Pjbomb2 avatar Oct 18 '21 17:10 Pjbomb2

This project started out as an assignment for a university course on graphics, so that's where I got the basics behind SAH BVHs etc. The stuff after that is mostly from the papers mentioned in the readme.

CWBVH uses the standard BVH as its starting point. The SBVH optimizes for spatial splitting into 2 parts, but that becomes somewhat pointless if you then collapse it into an 8 way tree. Iirc the original paper mentions spatial splits as possible future work, but I don't think there was any follow up on that.

There is no BVH visualization support inside the engine, but a nice trick I have personally used while debugging BVH problems is to write AABBs into OBJ files (see https://github.com/jan-van-bergen/GPU-Pathtracer/blob/4fc474d50e13376cd59f22ff7affb7e4b3c25cd0/Src/Math/AABB.h#L56). That way you can visualize the BVH inside Blender for example. Bit of a hack, but simple and effective.
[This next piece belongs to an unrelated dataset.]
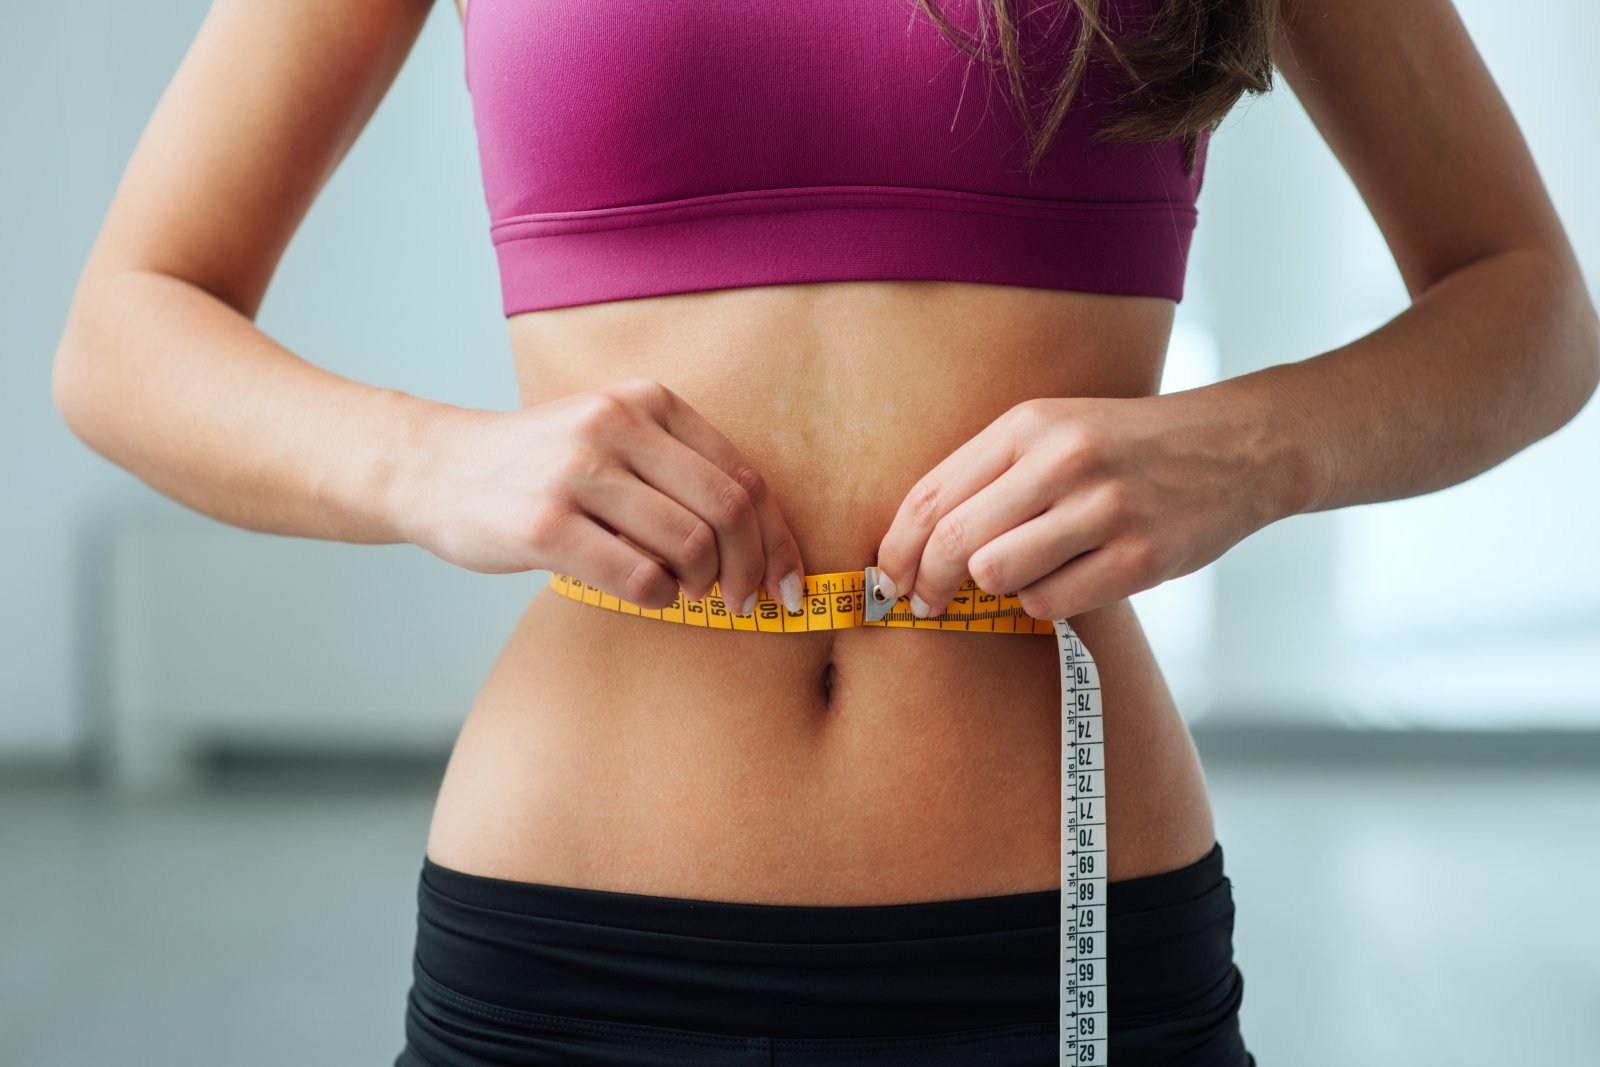 ar celiakija sukelia svorio padidėjimą ar sumažėjimą ar osteoartritas gali sumažinti svorį

jan-van-bergen avatar Oct 18 '21 21:10 jan-van-bergen

Thanks! where do I call that debug bit to create an OBJ from the whole BVH? I might be able to put it in unity and use the overdraw to see depths better oh btw ive been trying to convert this into C# but the BVH ive tried so far keeps missing triangles(idk what the origional one looks like as it seems that data is encrypted? or at least not easily readable by default text programs) oh also what structure do you pass the compute shader for storing triangles and BVH? ive been trying to dissect your code per say as you have done a lot of things I aimed to do but couldnt find much on, but ive had trouble deciphering how each bit works(due to my own inability to read large interconnected code) Thank you for your time!
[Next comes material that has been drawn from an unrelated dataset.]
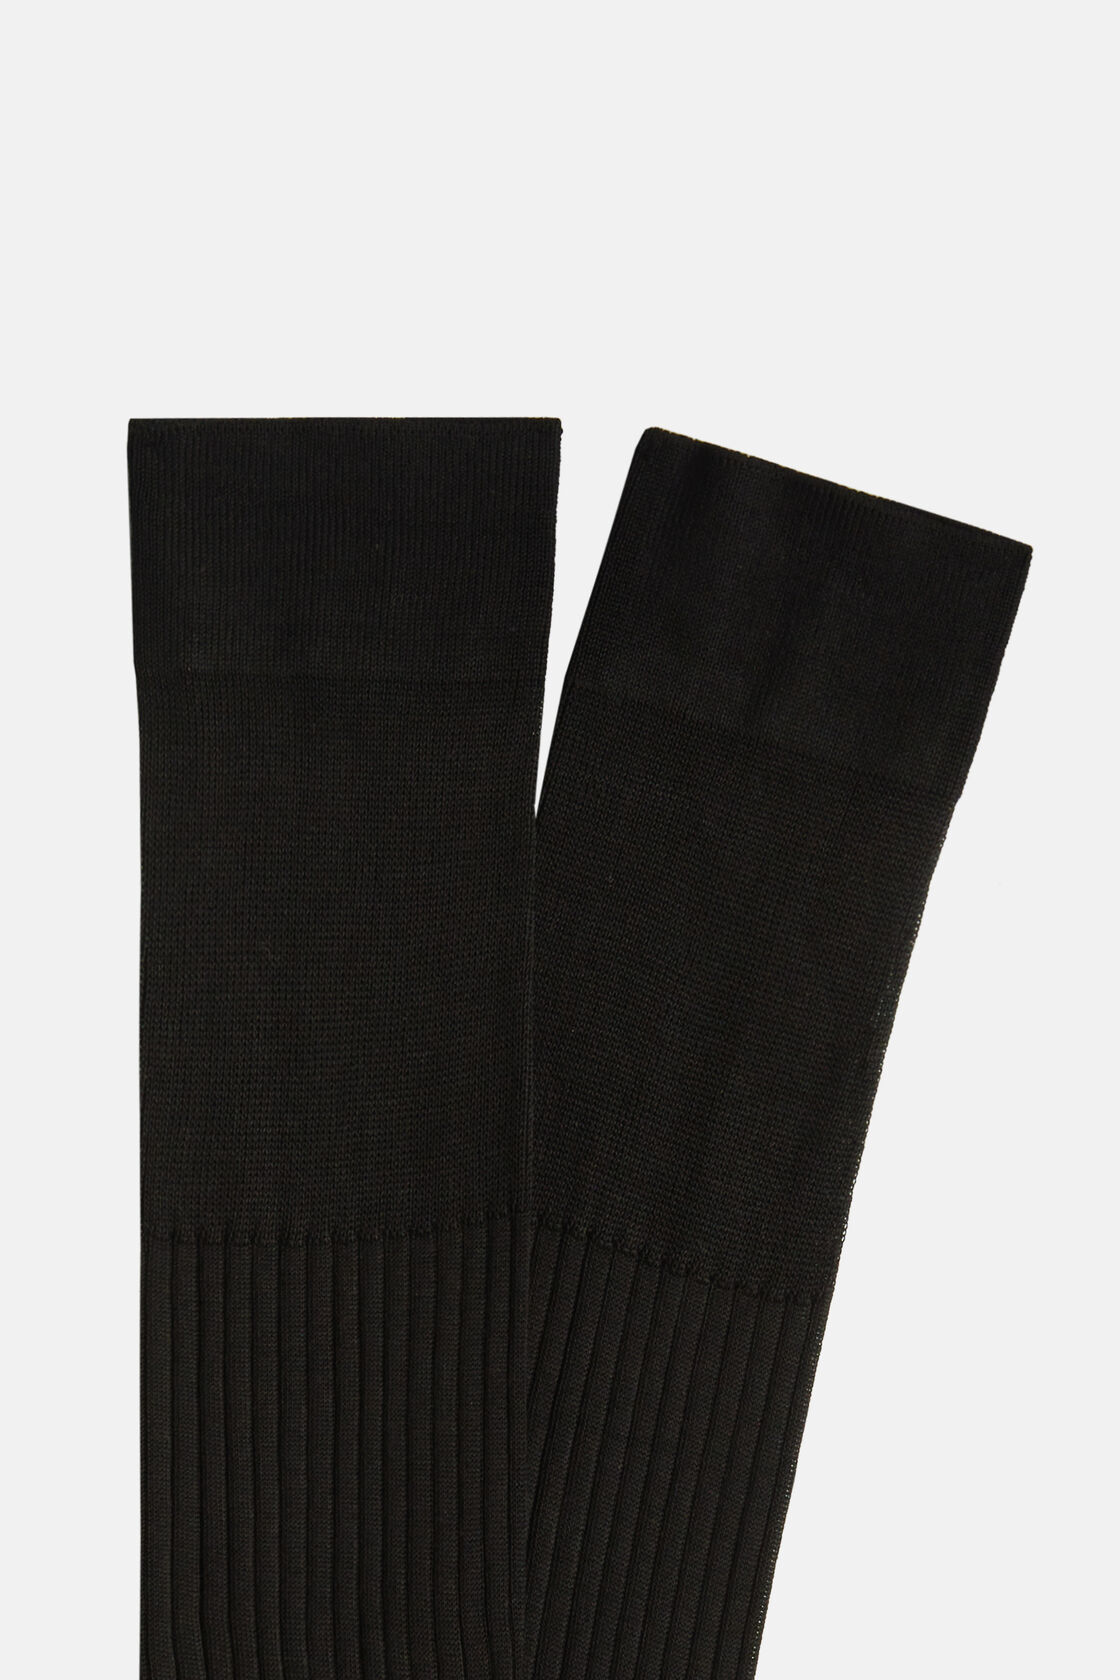 Βαμβακερές κάλτσες με ραβδώσεις, Black, hi-res

Pjbomb2 avatar Oct 22 '21 15:10 Pjbomb2

You can use this to export an entire BVH


void export_aabb(const AABB & aabb, FILE * file, int index) {
	Vector3 vertices[8] = {
		Vector3(aabb.min.x, aabb.min.y, aabb.min.z),
		Vector3(aabb.min.x, aabb.min.y, aabb.max.z),
		Vector3(aabb.max.x, aabb.min.y, aabb.max.z),
		Vector3(aabb.max.x, aabb.min.y, aabb.min.z),
		Vector3(aabb.min.x, aabb.max.y, aabb.min.z),
		Vector3(aabb.min.x, aabb.max.y, aabb.max.z),
		Vector3(aabb.max.x, aabb.max.y, aabb.max.z),
		Vector3(aabb.max.x, aabb.max.y, aabb.min.z)
	};

	int faces[36] = {
		1, 2, 3, 1, 3, 4,
		1, 2, 6, 1, 6, 5,
		1, 5, 8, 1, 8, 4,
		4, 8, 7, 4, 7, 3,
		3, 7, 6, 3, 6, 2,
		5, 6, 7, 5, 7, 8
	};

	for (int v = 0; v < 8; v++) {
		fprintf_s(file, "v %f %f %f\n", vertices[v].x, vertices[v].y, vertices[v].z);
	}

	for (int f = 0; f < 36; f += 3) {
		fprintf_s(file, "f %i %i %i\n", 8*index + faces[f], 8*index + faces[f+1], 8*index + faces[f+2]);
	}
}

void export_node(const BVH & bvh, FILE * file, int node_index, int & aabb_index) {
	const BVHNode2 & node = bvh.nodes_2[node_index];

	fprintf(file, "o Node_%i\n", node_index);
	export_aabb(node.aabb, file, aabb_index++);

	if (node.is_leaf()) return;

	export_node(bvh, file, node.left,     aabb_index);
	export_node(bvh, file, node.left + 1, aabb_index);
}

void export_bvh(const BVH & bvh) {
	FILE * file; fopen_s(&file, "bvh.obj", "wb");

	int aabb_index = 0;
	export_node(bvh, file, 0, aabb_index);

	fclose(file);
}

The .bvh files that I think you are referring to is a custom binary format. Reading and writing is done in https://github.com/jan-van-bergen/GPU-Pathtracer/blob/master/Src/Assets/BVHLoader.cpp Essentially, the format consists of a header, followed by the triangles, followed by the BVH nodes, followed by the indices. For example to read the header in C# would be something like this:


struct BVHHeader
{
	public uint filetype_identifier;
	public byte filetype_version;

	public byte underlying_bvh_type;
	public byte bvh_is_optimized;
	public byte pad;
	public float sah_cost_node;
	public float sah_cost_leaf;

	public int num_triangles;
	public int num_nodes;
	public int num_indices;
}

static class Ext
{
	public static BVHHeader ReadBVHHeader(this BinaryReader reader)
	{
		return new BVHHeader
		{
			filetype_identifier = reader.ReadUInt32(),
			filetype_version = reader.ReadByte(),
			underlying_bvh_type = reader.ReadByte(),
			bvh_is_optimized = reader.ReadByte(),
			pad = reader.ReadByte(),
			sah_cost_node = reader.ReadSingle(),
			sah_cost_leaf = reader.ReadSingle(),
			num_triangles = reader.ReadInt32(),
			num_nodes = reader.ReadInt32(),
			num_indices = reader.ReadInt32(),
		};
	}
}

class Program
{
	static void Main(string[] args)
	{
		using BinaryReader reader = new BinaryReader(File.Open("Path/To/File.bvh", FileMode.Open));
		BVHHeader header = reader.ReadBVHHeader();
	}
}

Then afterwards you can read num_triangles Triangles, num_nodes BVHNodes, and num_indices ints.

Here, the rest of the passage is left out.